Now, let's look at putting a controller in the system. We use the small signal model, and we want the small signal output for $h(t)$ to approach zero quickly. There can be a small signal disturbance and a small signal noise in our measurement of $h(t)$. These are incorporated into the model in blue below. (The black is the original system.) 
Let's see the disturbance transfer function step response for some possible controllers, $K(s)$. We want to make $K(s)$ large for low frequencies to make $G_d(s)$ small, but we want $K(s)$ small for large frequencies to make $G_n(s)$ small. So maybe a solution might be $K(s) = K_{big}/(s/\omega_0 + 1)$ or even $K_{big}/(s^2 +as + b)$. You need to be careful how many poles you put into $K(s)$ because each adds a phase delay, and too much delay is going to make the system unstable. A solution I like is the PD controller, where $K(s) = k_p + k_ds$.

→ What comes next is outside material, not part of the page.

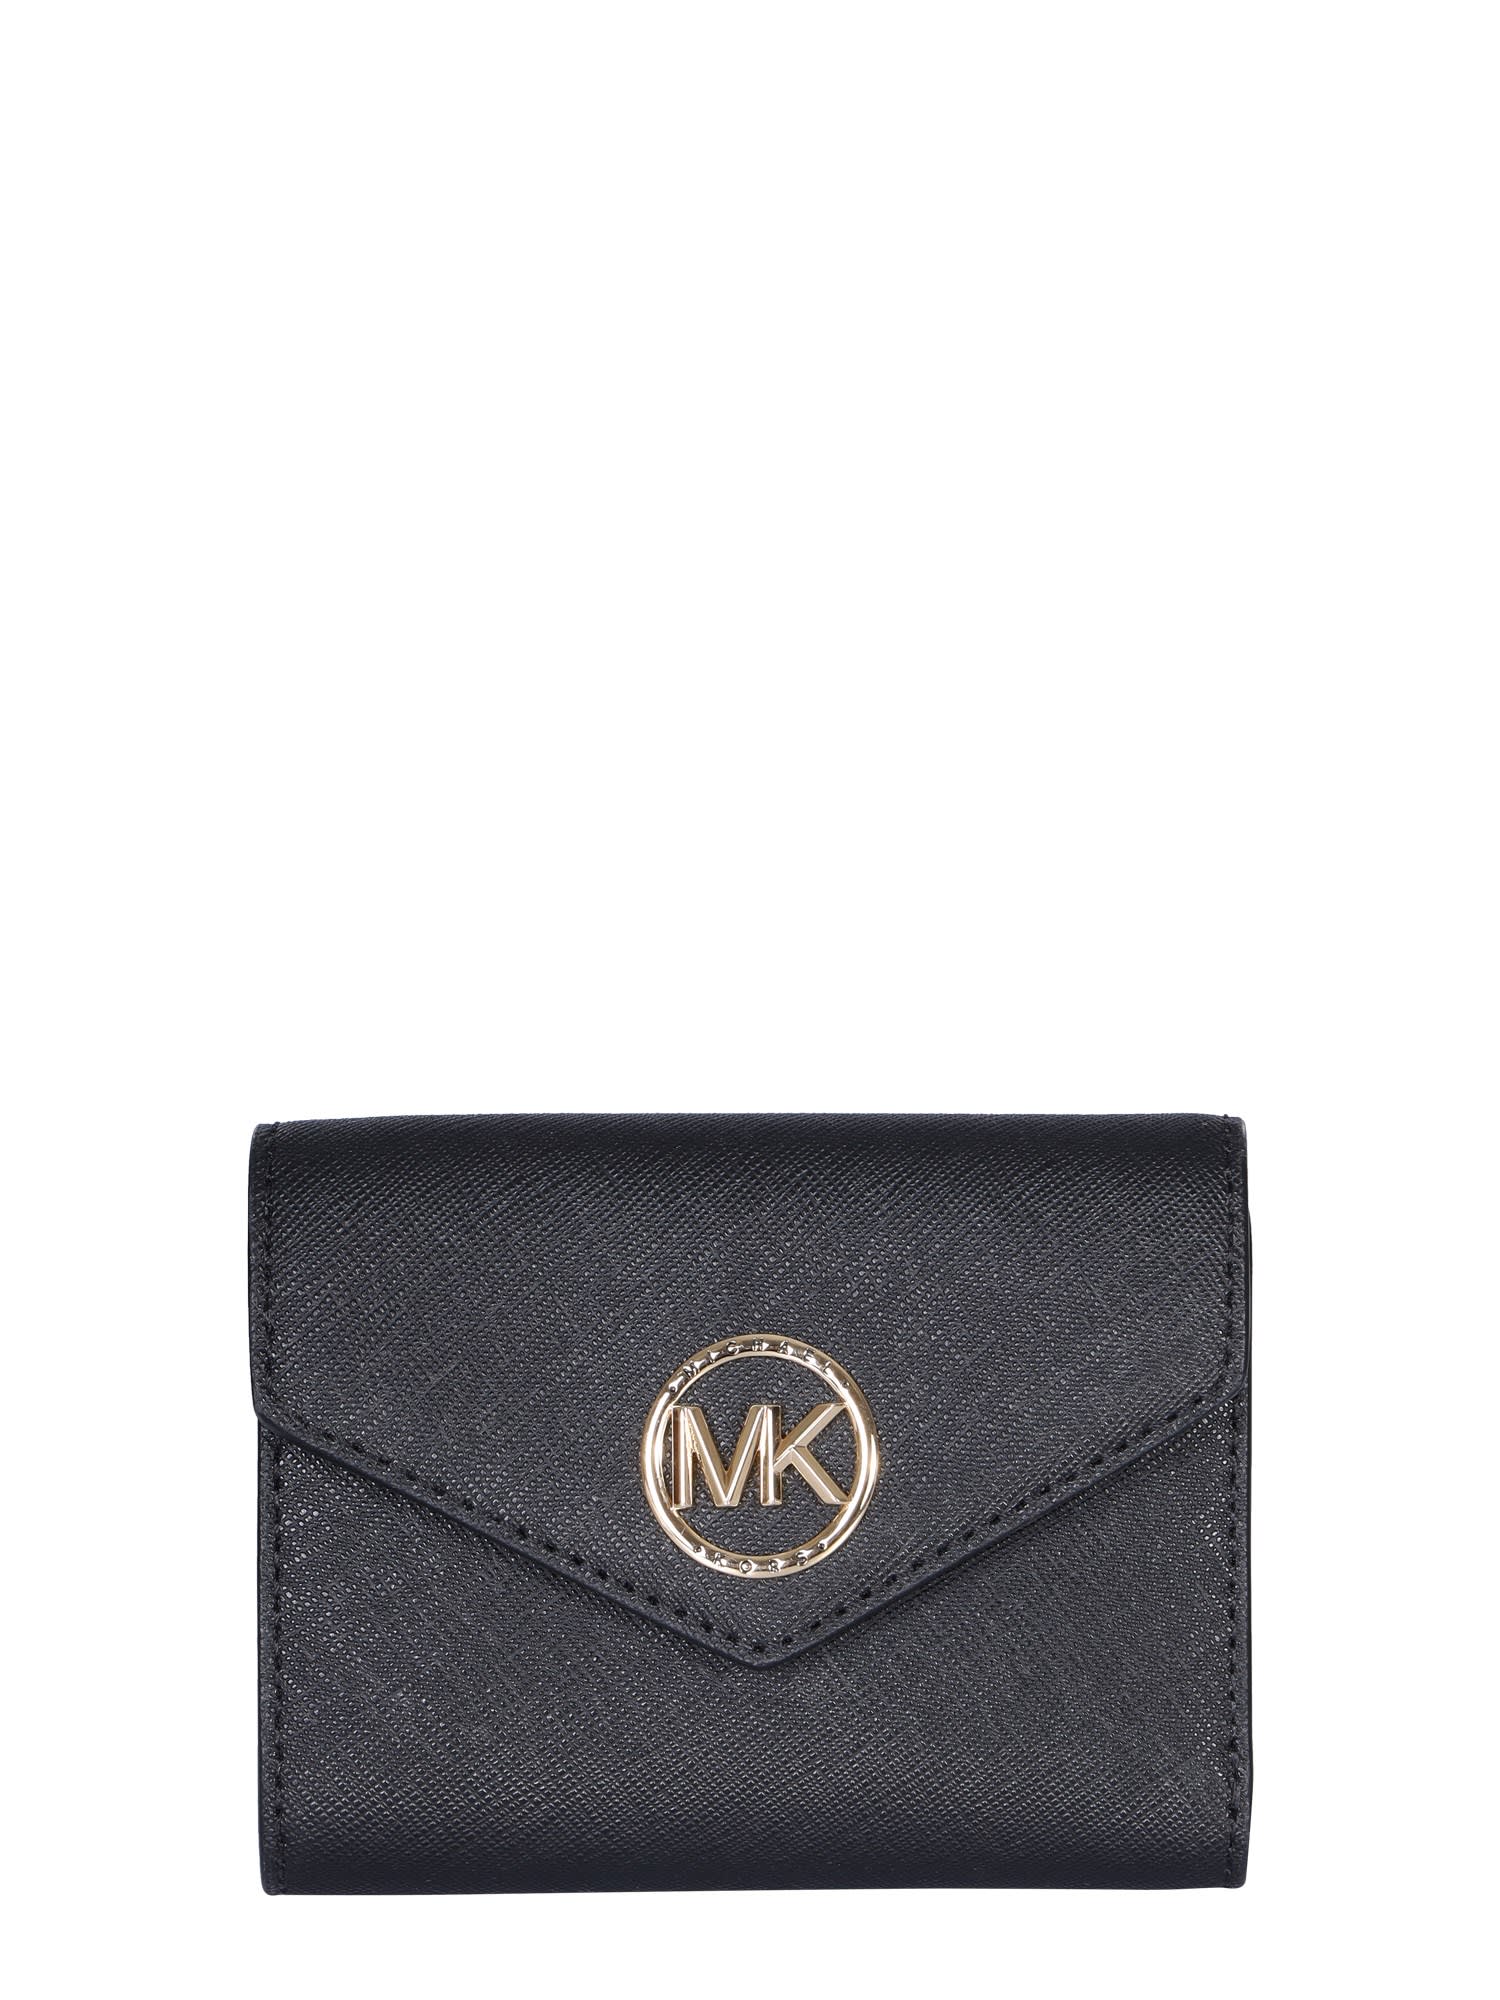 Michael Kors Greenwich Trifold Wallet In Black

K = tf([10000, 10000, 10000], [1, 0]) % For PD Controller (Looks like the D is really important for this system.)
%K = tf([10, 10], [1])
%K = tf(100, [1, 1])
%Gd = feedback(P,K)
%Gd = tf([1, 0],[1,0,10,0]) % Check the disturbance tronsfer function and make sure it isn't PK/(1+PK)
Gd = P/(1+P*K)
step(Gd)
You can play with $K(s)$ to see the effects. First we look at the Nyquist plot to see how far from -1, the loop gain is.
L = P*K
grid on
nyquist(L)
bode(L)
Gn = -P*K/(1+P*K)
bode(Gn)
Let's try to see what happens if we change the model a little by adding a viscous friction. So the system looks like this now: $$\begin{equation*} \mathbf{\dot{x}} = \begin{bmatrix} \dot{v(t)} \\ \dot{h(t)} \end{bmatrix} = \begin{bmatrix} -k/m && 0 \\ 1 && 0 \end{bmatrix} \begin{bmatrix} {v(t)} \\ {h(t)} \end{bmatrix} + \begin{bmatrix} 1/m \\ 0 \end{bmatrix} f_p(t) \end{equation*} $$
Let's try with $ 0.001< k < 0.1 $ N/(m/s), because it is supposed to be small.
k = 0.1
A = [[-k/m, 0];[1, 0]]
B = [[1/m; 0]]
C = [0 1]
D = 0
sys = ss(A, B, C, D)
%step(sys)
%g = place(sys, [-.1, -.2])
P = tf(sys)
step(P)
Note how the viscous friction makes a terminal velocity. Now the step response after the controller is installed shows a limited velocity.
Gd = P/(1+P*K)
step(Gd, 20)